What to watch out for
The most common mistake is skipping the walk breaks in weeks 1 through 3 because they feel too easy. Do not do that. Your lungs might be ready before your shins, calves, knees, and feet are. Muscles adapt faster than tendons and connective tissue, and that gap is where a lot of beginner injuries start.
Shin splints and knee discomfort are the usual trouble spots. If your shins start to hurt, drop back one week and use softer surfaces when you can. If knee pain sticks around between sessions instead of settling down, stop trying to push through it and get it looked at.

One non-obvious point: shoes matter more in your first month than they probably will later. You do not need expensive racing shoes, but flat casual sneakers or dead old trainers are a bad idea here. If you want one piece of gear that actually earns its keep, get a basic pair of cushioned running shoes.
What to do if you fall behind
If you miss a week, repeat the last week you completed. Do not jump ahead to stay on the calendar.
If you miss two weeks or more, go back two weeks in the plan. That sounds conservative, but it is the smarter move. The plan is a progression, not a deadline.

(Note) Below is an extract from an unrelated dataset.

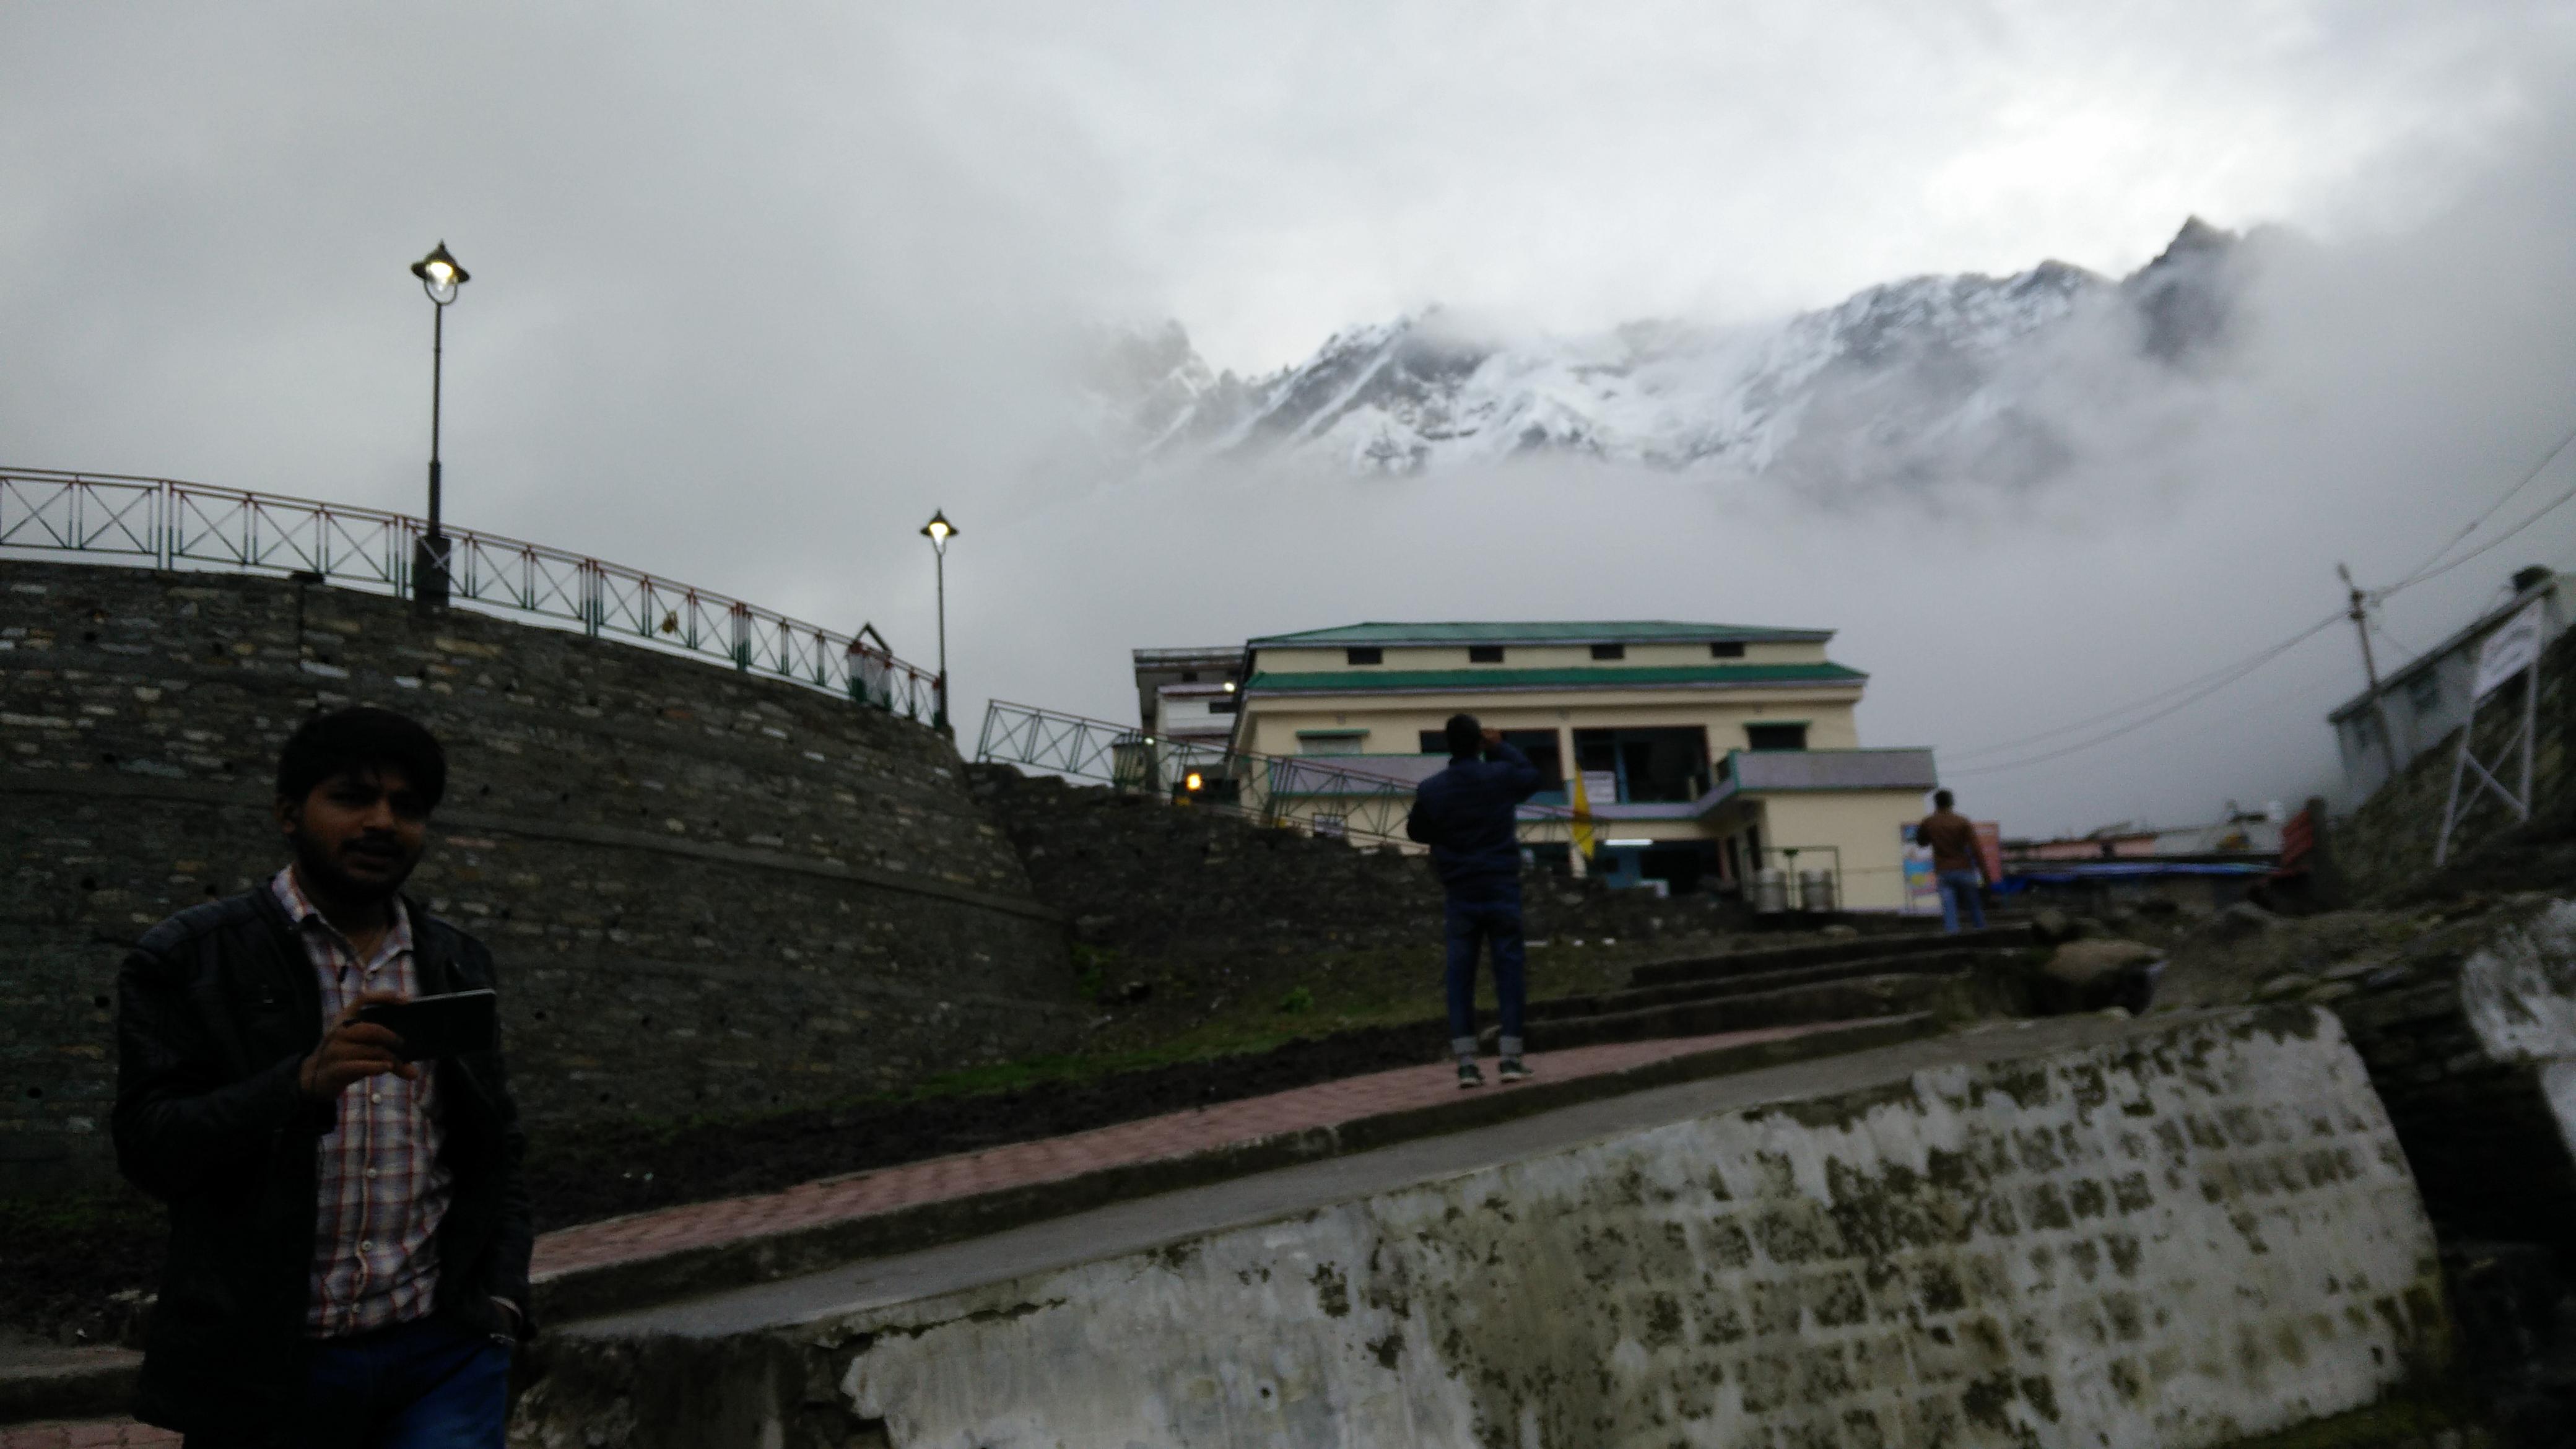 img_20180820_070136-jpg.6891 Shrines in Himalayas

Most people need an extra week somewhere, usually around weeks 5 or 6 when the walk breaks shrink and the running starts to feel more real. Repeat a week if you need to. That is better than forcing the jump and getting hurt.
Bottom line
Run three times per week, keep the pace easy, and respect the walk breaks. If you treat this like a gradual build instead of a fitness test, you have a much better shot at making it to a solid 5K.